The script appears to be invalid. We recommend downloading the images directly from the google drive.
@SakuraTroyChen In the "Data Preparation" section, you mentioned that "Place the MMQA_imgs/ and train_img/ into RagVL/finetune/tasks/" and "Place the val_image/ into RagVL/datasets/" in steps 5 and 6. But after unzipping the .7z data files, the output is a .tsv file. The script you mentioned (https://github.com/WebQnA/WebQA/blob/main/download_imgs.sh) to download the data files seems to just download files without any further processing steps. Could you please tell me how to get "train_img" and "val_image" folders? @Aeryn666 Have you figured out how to get these folders?
The script appears to be invalid. We recommend downloading the images directly from the google drive.
Thanks for your prompt reply. The files in this google drive link still do not contain "train_img" and "val_image" folders. As I mentioned above, unzipping "WebQA_imgs_7z_chunks" will get "imgs.tsv"; unzipping "WebQA_data_first_release.7z" will obtain "WebQA_test.json" and "WebQA_val.json"; The last file, "imgs.lineidx", also does not contain the two folders.
@SakuraTroyChen In the "Data Preparation" section, you mentioned that "Place the MMQA_imgs/ and train_img/ into RagVL/finetune/tasks/" and "Place the val_image/ into RagVL/datasets/" in steps 5 and 6. But after unzipping the .7z data files, the output is a .tsv file. The script you mentioned (https://github.com/WebQnA/WebQA/blob/main/download_imgs.sh) to download the data files seems to just download files without any further processing steps. Could you please tell me how to get "train_img" and "val_image" folders?
@Aeryn666 Have you figured out how to get these folders?
Oh, I had the same question too, and I've resolved it now. After downloading and unzipping from Google Drive, getting “imgs.tsv” is correct. This is a file encoded in base64, so you need to decode it. After decoding, you will get a sequence containing image ids and the images themselves. You can then distinguish between the training dataset and the test dataset based on the image ids provided in "WebQA_test.json" and "WebQA_val.json".This is my solution, for reference only.

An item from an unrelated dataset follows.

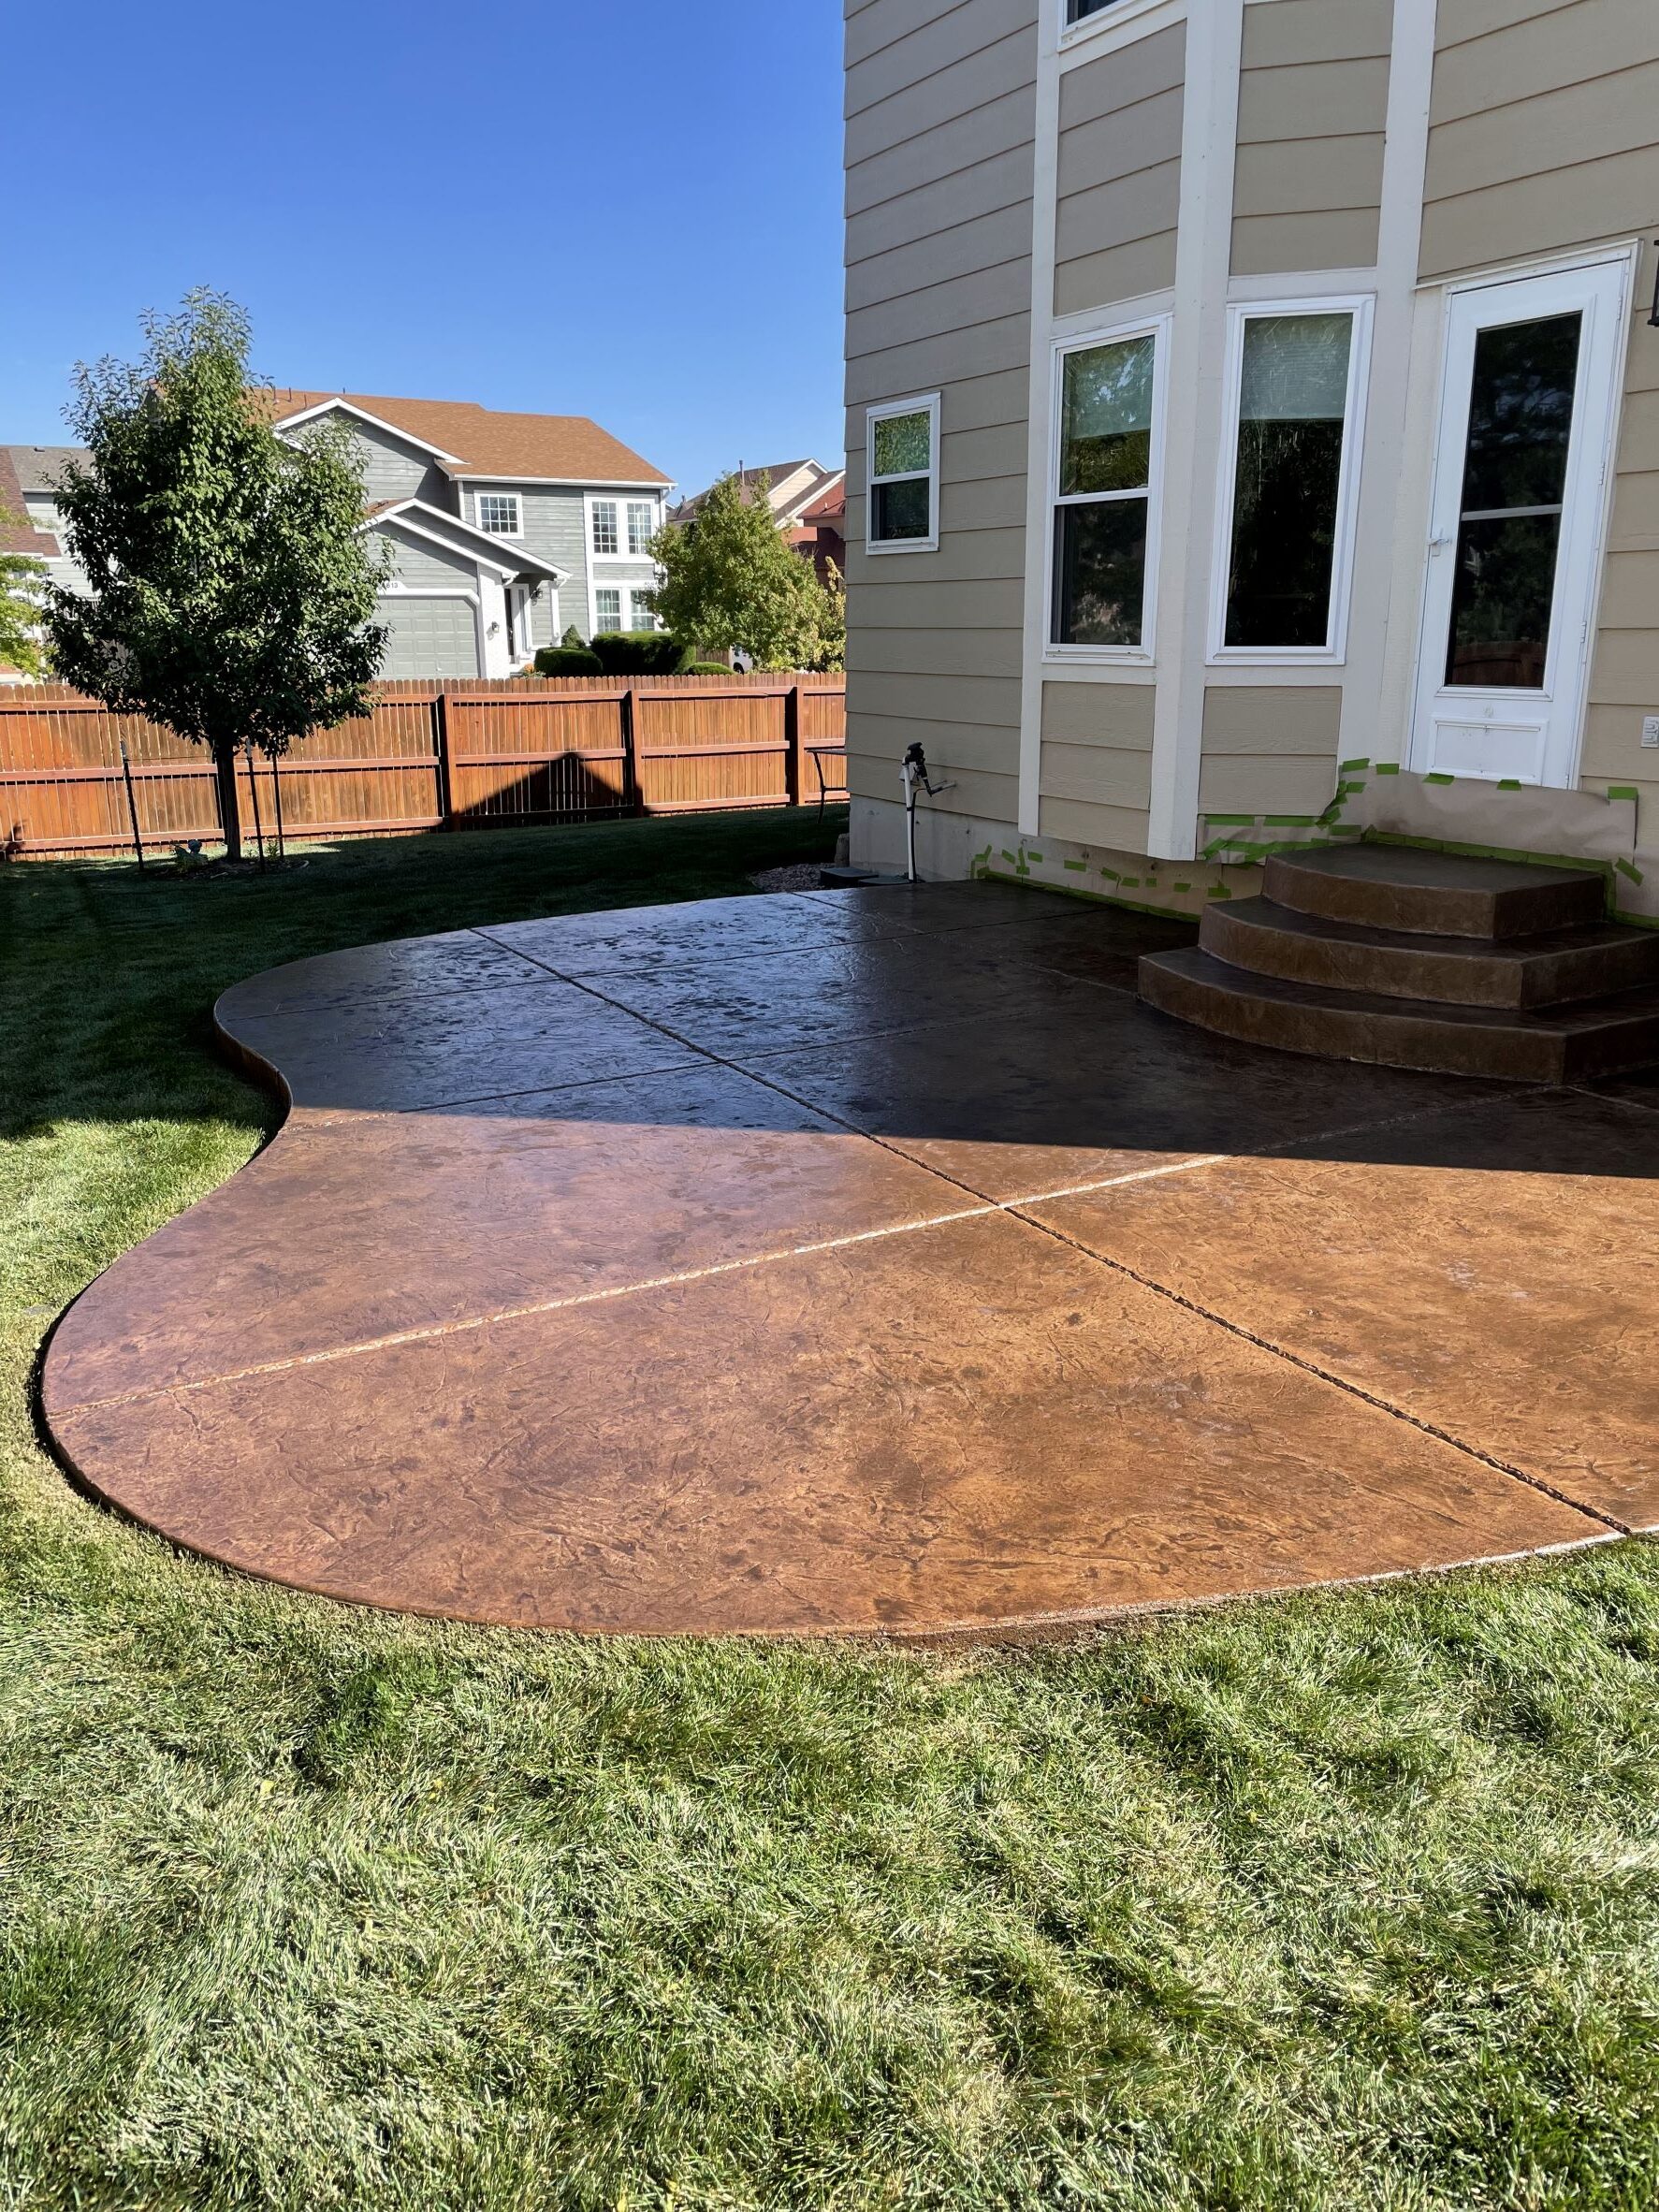 Brown Stained Stamped Concrete Patio - Driftwood Antiquing Stain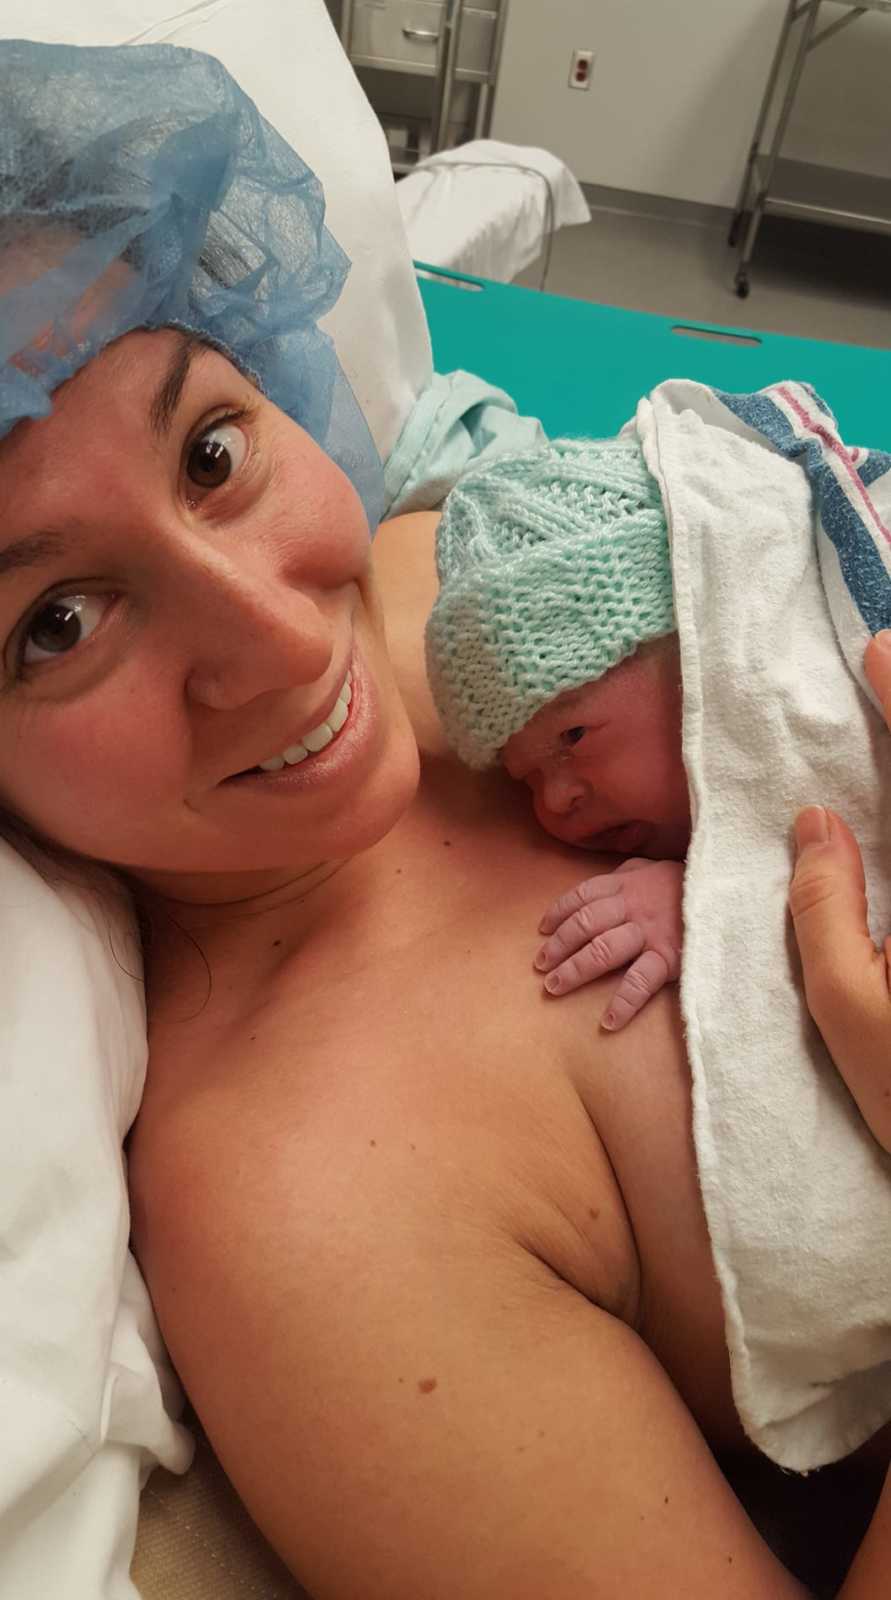 Woman who just gave birth laying with newborn on her bare chest

@Aeryn666 Thanks for your help, I successfully extracted images. I leave the extraction code here for guys who may need it.
import argparse
import base64
import io
import json
import os
from PIL import Image
from tqdm import tqdm
def decode_imgs_tsv(file_path):
with open(file_path, 'r') as f:
lines = f.readlines()
images = {}
for line in tqdm(lines, desc="Decoding images"):
image_id, encoded_image = line.strip().split('\t')
image_data = base64.b64decode(encoded_image)
images[image_id] = image_data
return images
def load_json_file(file_path):
with open(file_path, 'r') as f:
return json.load(f)
def save_image(image_data, output_path):
image = Image.open(io.BytesIO(image_data))
image.convert('RGB').save(output_path)
def main():
args = parse_arguments()
# Create output directories
os.makedirs(os.path.join(args.output_dir, 'train'), exist_ok=True)
os.makedirs(os.path.join(args.output_dir, 'val'), exist_ok=True)
# Decode images
images = decode_imgs_tsv(args.tsv_path)
# Load JSON files
data = load_json_file(args.data_json_path)
# Get image IDs and save images
for guid in tqdm(data, desc="Saving images"):
split = data[guid]["split"]
assert split in ["train", "val"]
img_infos = data[guid]["img_posFacts"] + data[guid]["img_negFacts"]
for item in img_infos:
image_id = str(item["image_id"])
output_path = os.path.join(args.output_dir, f"{split}", f"{image_id}.png")
if not os.path.exists(output_path):
try:
save_image(images[image_id], output_path)
except:
print(f"Failed to save image {image_id}")
print("Data preparation completed!")
def parse_arguments():
parser = argparse.ArgumentParser(description="Extract images from TSV file and save them")
parser.add_argument("--tsv_path", type=str, required=True, help="Path to the TSV file")
parser.add_argument("--data_json_path", type=str, required=True, help="Path to WebQA_train_val.json")
parser.add_argument("--output_dir", type=str, required=True, help="Output directory to save images")
return parser.parse_args()
if __name__ == "__main__":
main()
Could you please clarify where train_img and val_img come from? Are they from web_qa? However, web_qa unzips to a TSV file.